Sharpe references a previous article “Work Less, Achieve More” by Margaret Heffernan. In this earlier article Heffernan talks about Michael Eisner’s fall from grace at Disney.
The most bizarre achievement of which Eisner boasts: that, in 28 years of hard labor in the entertainment industry, he only took one week off ever.
Do you know someone who would find this bizarre achievement laudable? Is that someone you? Was it ingrained in you by your family, mentors, or bosses that anything less than working yourself to death meant being a failure?

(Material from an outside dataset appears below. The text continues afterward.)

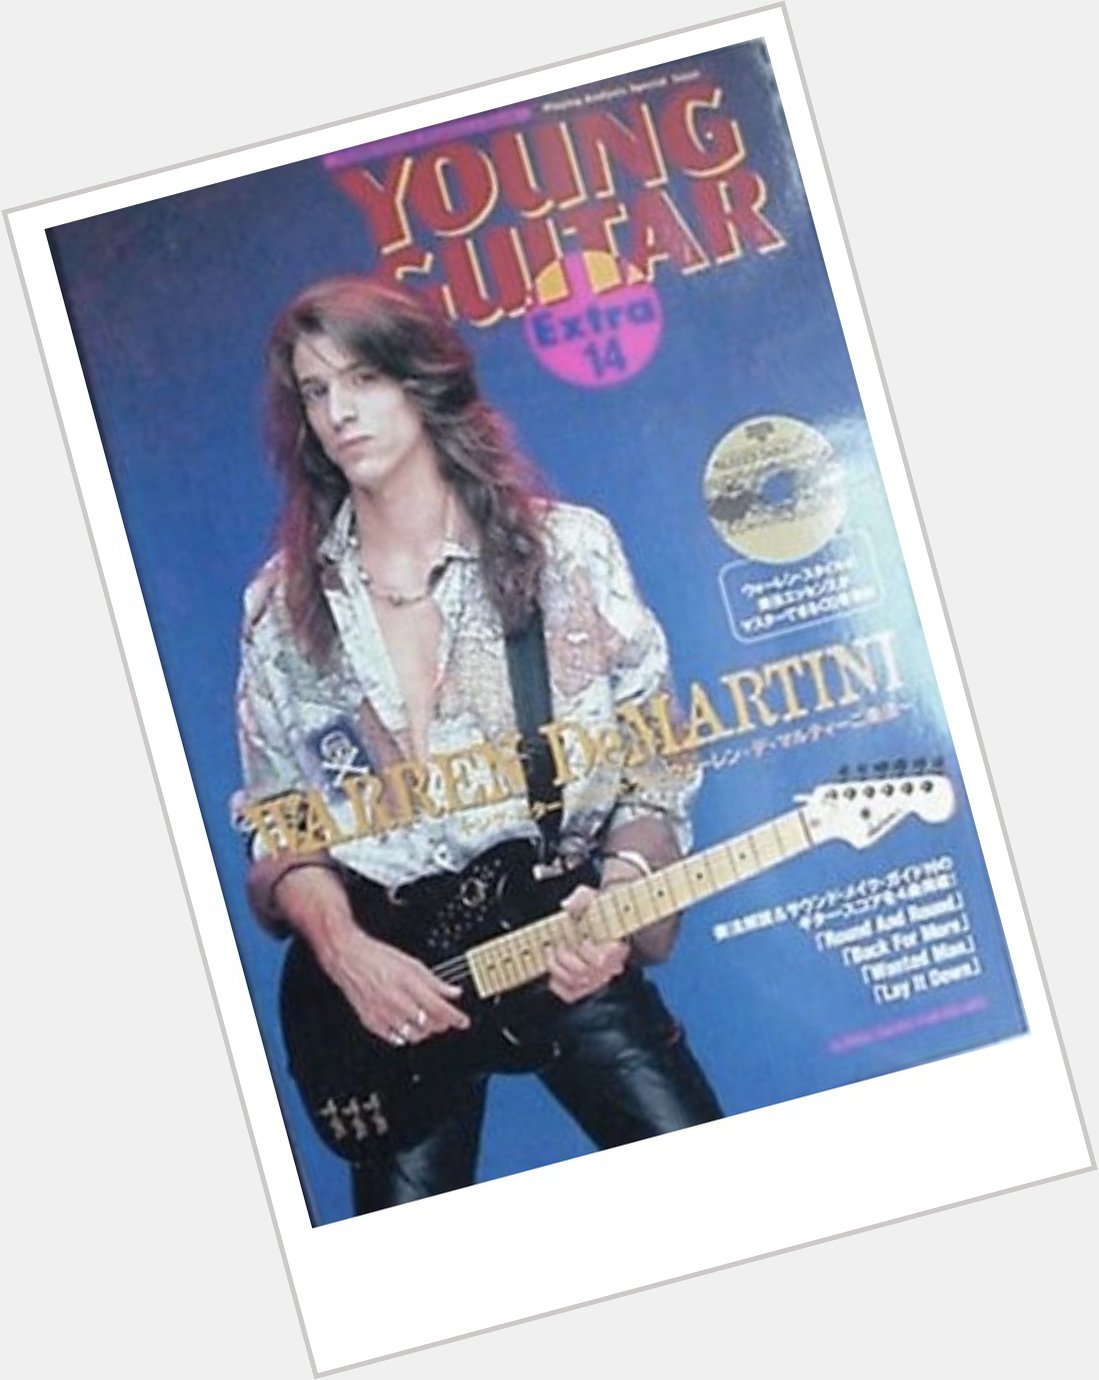  Happy Birthday Warren DeMartini Mr. King Of Guitar Tone 
Soldano SLO 100 s Rule !!!

If you believe these messages and clichés (“you snooze, you lose” or “idle hands are the devil’s workshop”) that get handed down and lived out before your very eyes you will find yourself working into burnout and dis-ease even if you keep saying what you want is a more fulfilling life or time off to enjoy life.
So, what can you do? My advice is to simply buck the trend. Even if everyone is working 15 hours a day, you don’t need to. It is like the old motherly advice – if everyone jumped off the Brooklyn Bridge, would you jump too? That’s a lot like what we’re faced with in the fast paced, burned out, insane business environment portrayed in these articles. You might think “I can’t” when it comes to taking the time you need. I say that you can’t afford not to take care of yourself. No one is coming to save you and no one (except those who love you) will really care if you drop dead or lose your health on the job.
You are in charge of “You, Inc.” and it’s time you took a leadership role. Next time you’re feeling guilty like you’re slacking off, know that time away from the professional grind will fuel your fire, ultimately make you more successful, and allow you to cultivate a fulfilling personal life as well. Imagine that!
lesbian , lesbian business owners,LGBT ,GLBT , self-care, avoid burnout, rest and relaxation
4 thoughts on “Slack Off, Succeed More”
Good post, Paula, and good advice. I read an article about Americans taking fewer and shorter vacations so they wouldn't miss e-mail messages and conference calls.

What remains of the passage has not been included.